=== EXERCISE ===
Before returning the data, strip out the pictures and keep everything else exactly the same.

=== MATERIAL PROVIDED ===
"""
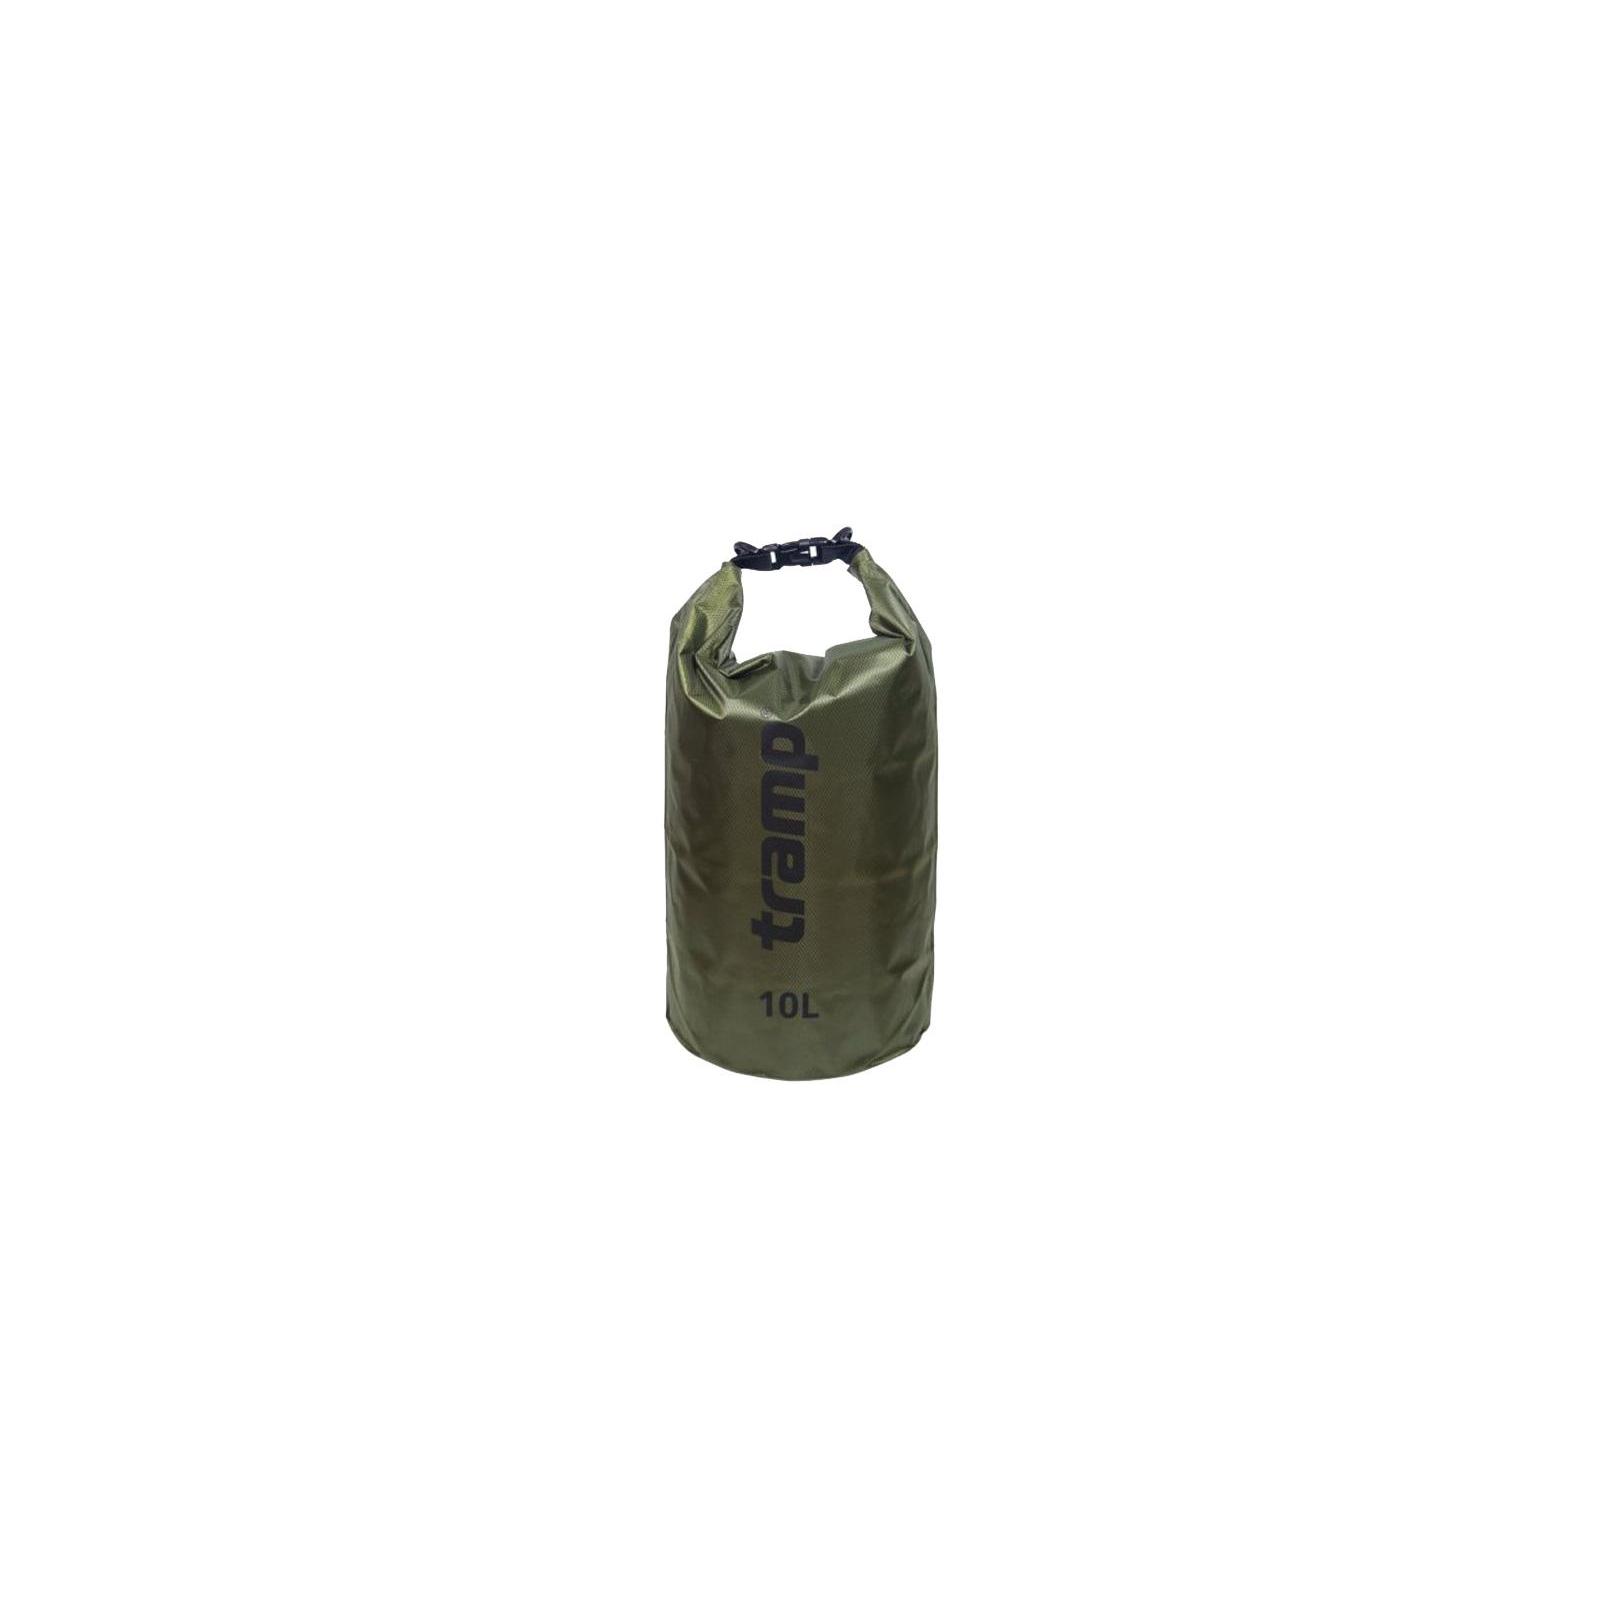 Гермомешок Tramp PVC Diamond Rip-Stop оливковый 10л (TRA-111-olive)
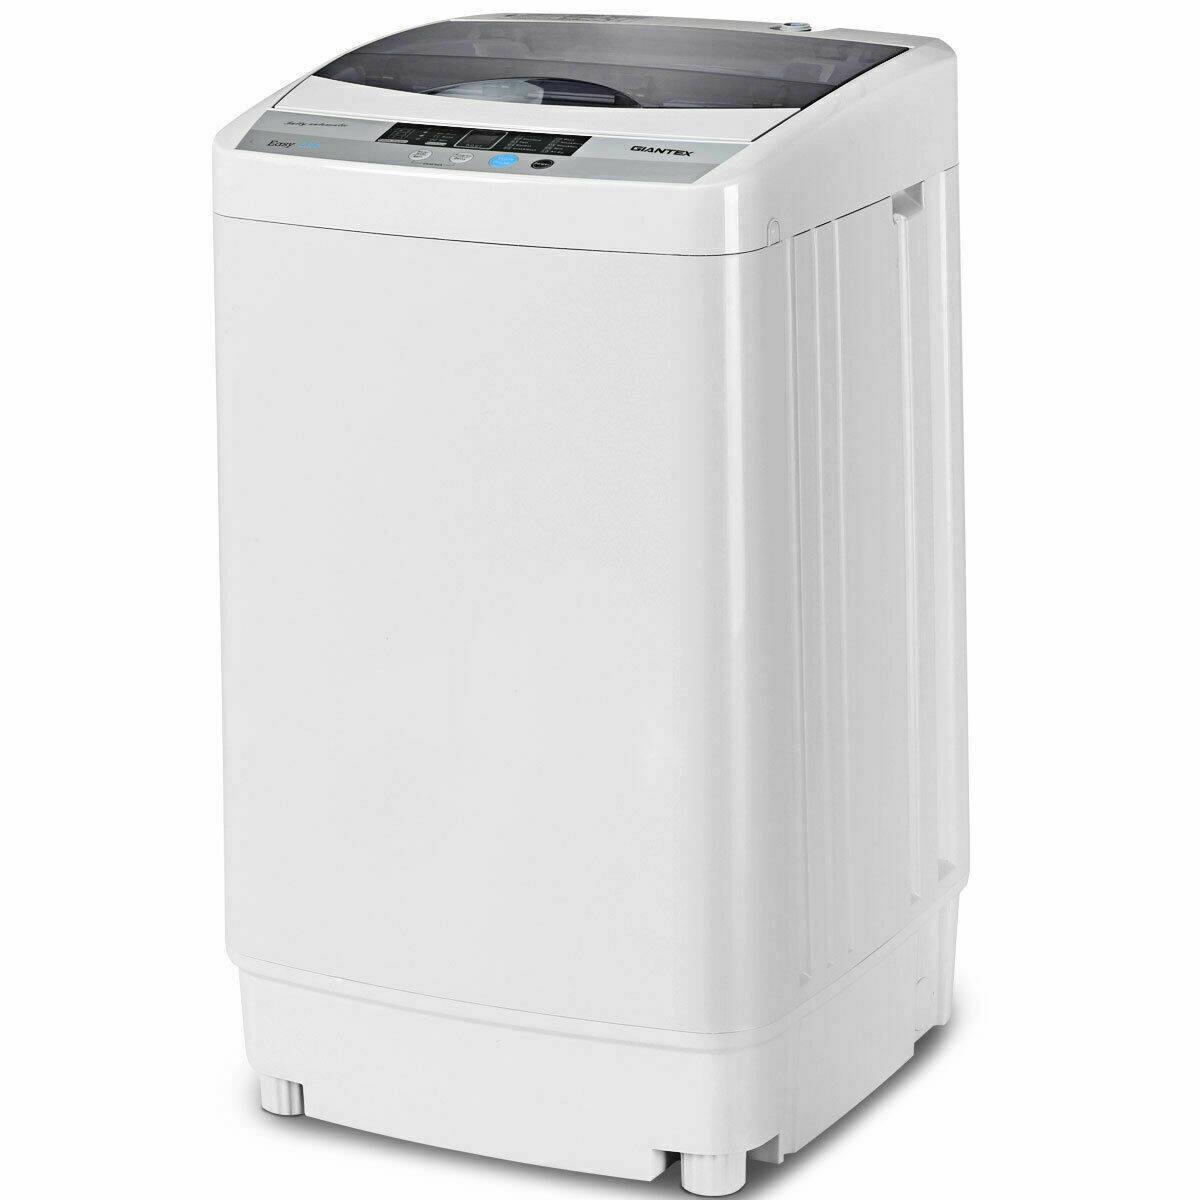 8 Water Level Portable Compact Washing Machine $279.95 + FS
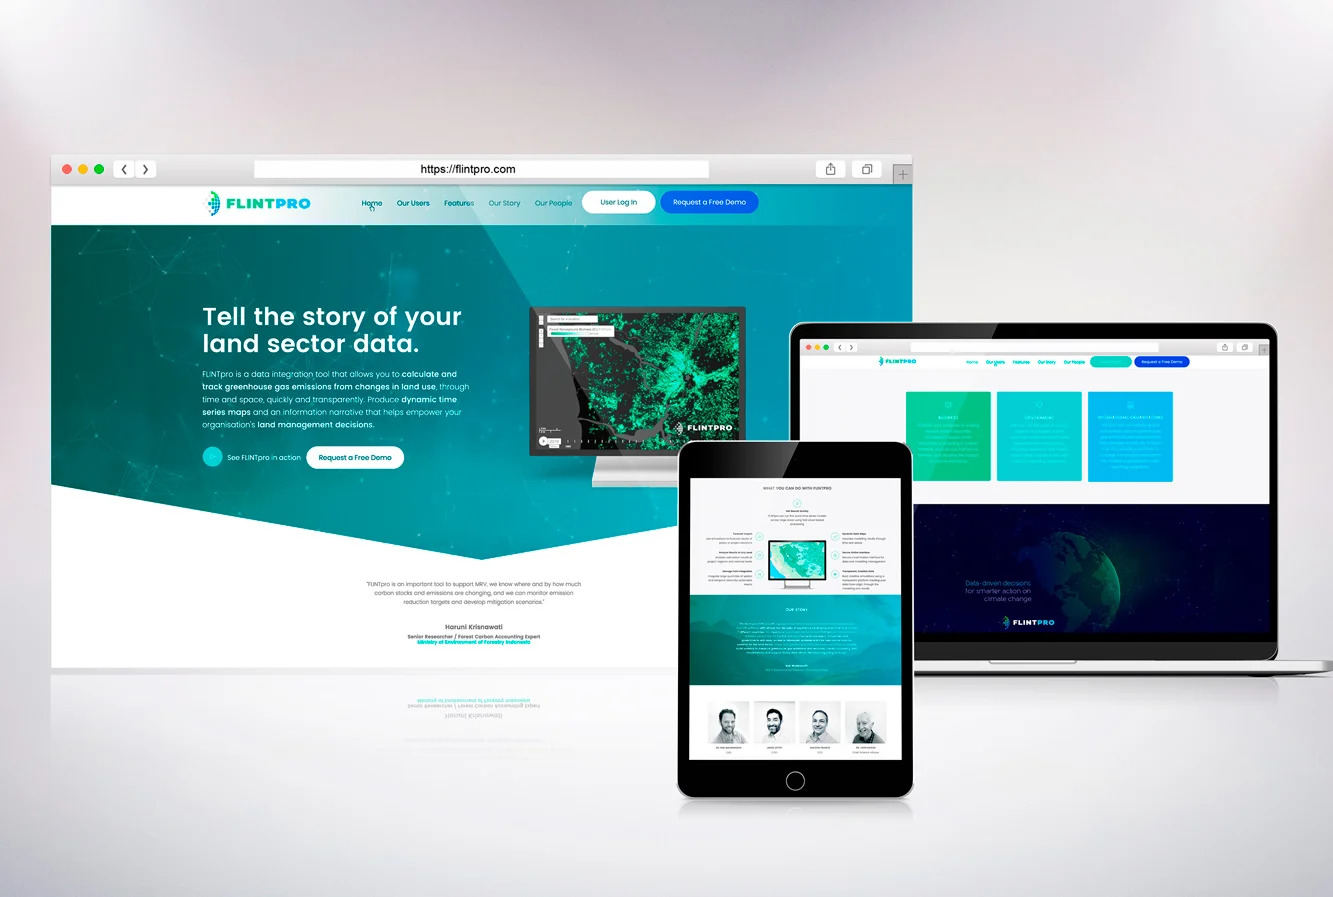 Centrico Digital for FLINTpro
"""
=== ANSWER FOR THIS EXERCISE ===
 Гермомешок Tramp PVC Diamond Rip-Stop оливковый 10л (TRA-111-olive)
 8 Water Level Portable Compact Washing Machine $279.95 + FS
 Centrico Digital for FLINTpro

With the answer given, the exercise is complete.